Solution of Micro Intelligent Computing Center in University

Home »
News »
Solution of Micro Intelligent Computing Center in University

Solution of Micro Intelligent Computing Center in University

Aug 8, 2024

Follow me on:

Background analysis

The number of parameters of artificial intelligence large models is growing exponentially, from a “large model” of hundreds of billions to a “super-large model” of trillions. This trend shows that the technology development in the field of artificial intelligence is accelerating, and the scale and complexity of models are also increasing.

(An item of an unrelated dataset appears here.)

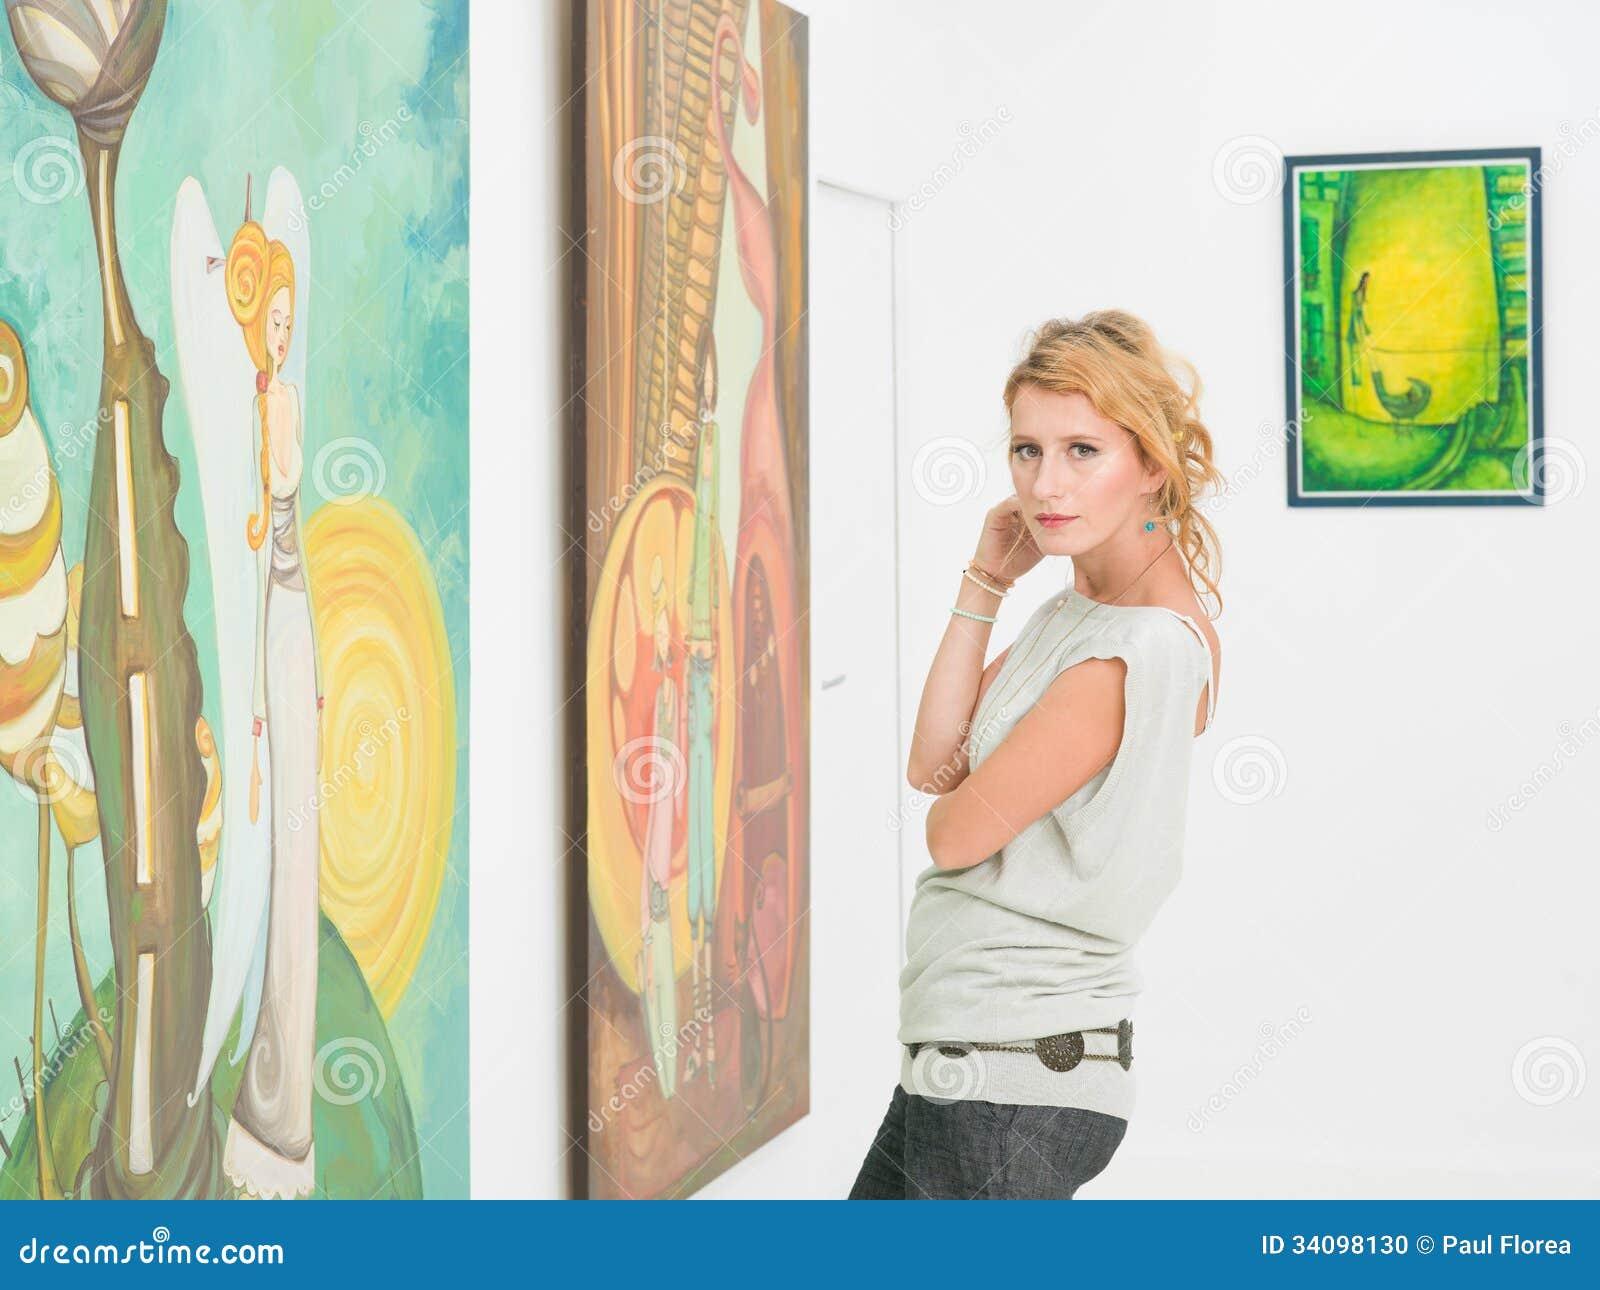 Галерея скачать фотографии женщина 4 фотография

With the increase of the model size, the required computing resources and storage space also increase, which puts forward higher requirements for hardware and infrastructure. There is a need for an efficient, reliable storage solution that is compute-separate and scalable to meet these challenges.

Deployment options

Storage Intranet: Data transmission network between storage IO nodes and data nodes. Each storage IO node provides two 100 G RoCE v2 ports, and each storage data node provides six 100 G RoCE v2 ports, which are connected to the storage intranet switch.

Storage external network: data transmission network between storage IO node and K8S cluster, CPU cluster and GPU cluster node. Each node provides two 100 G RoCE v2 ports to connect to the storage extranet switch.

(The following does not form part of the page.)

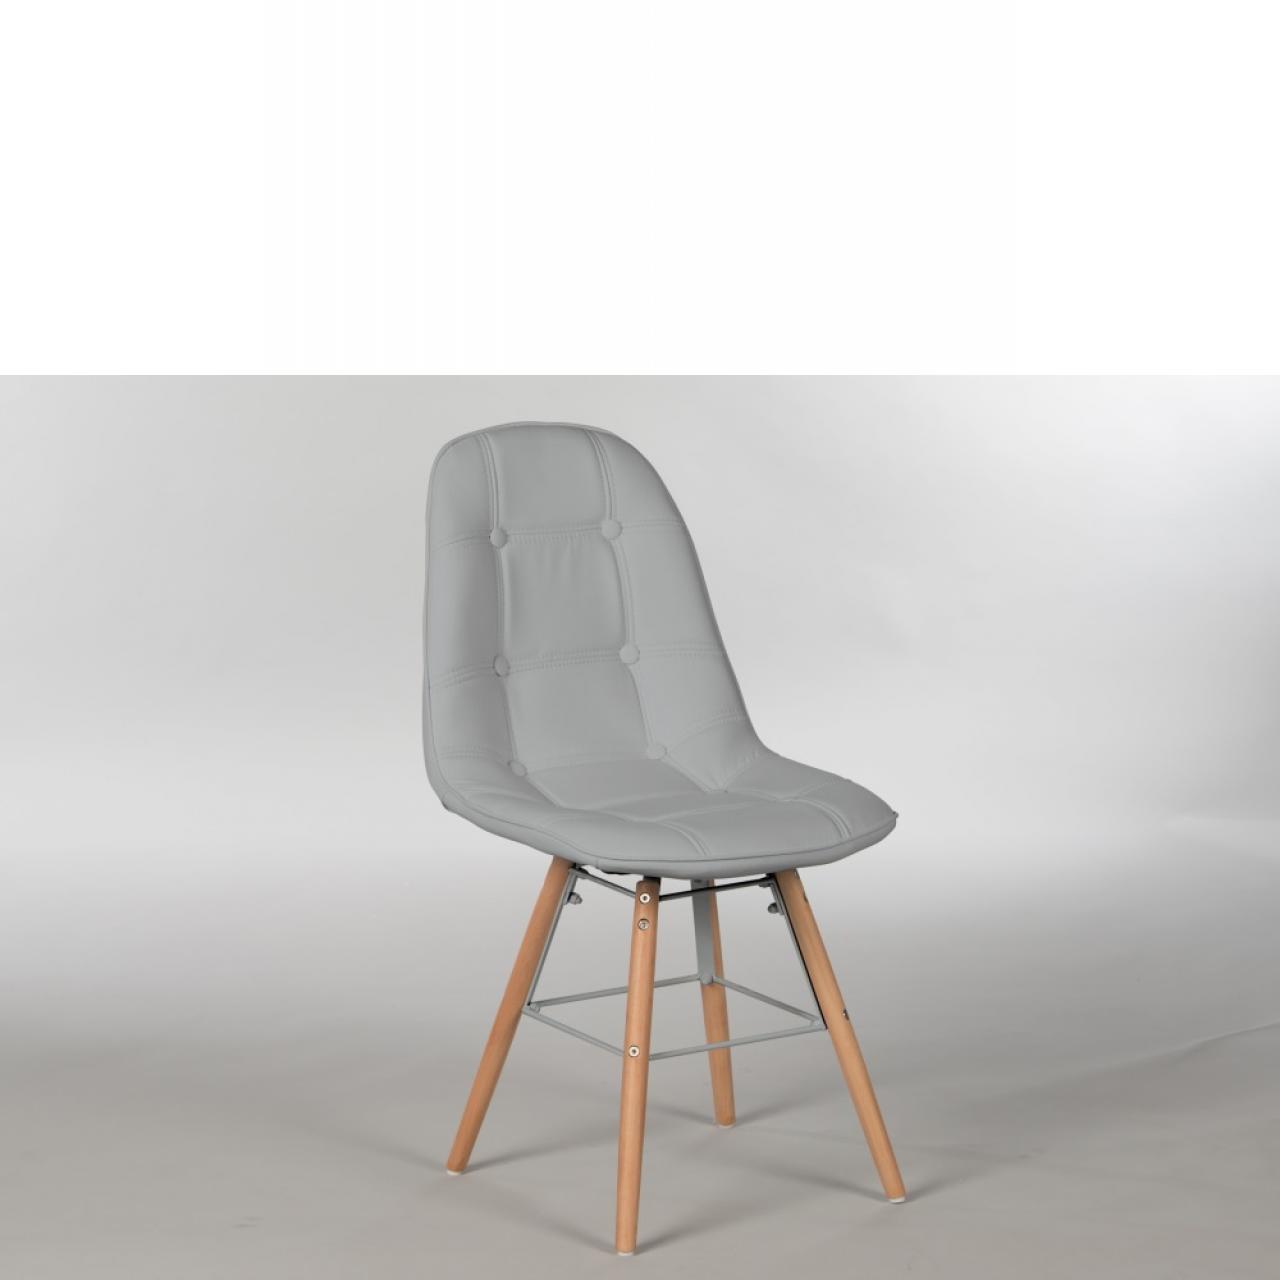 stuhl tivoli grau st hle hocker esszimmer wohnen m bel j hnichen center gmbh. Black Bedroom Furniture Sets. Home Design Ideas

Computing network: high-speed communication network between GPU nodes, multiplexing storage network. Optional InfiniBand standalone networking.

Management network: management and monitoring of each device, and multiplexing storage external network. Optional gigabit independent networking.

Program Value

●Reduce data preparation time before AI training

LUISUAN High Performance Storage delivers high throughput and high IOPS capabilities in the face of massive amounts of multimodal data from a variety of sources, dramatically increasing data write speeds. Data collection time for AI training has been reduced by 80%, from about 10 days to just 2 days or even a few hours.

●Improve the loading speed of AI training sets

In the multi-modal mass sample training, through NVIDIA’s GPU Direct Storage technology, the LUISUAN high-performance storage helps AI training to improve the data loading speed, reducing the training time that originally took months to about a week.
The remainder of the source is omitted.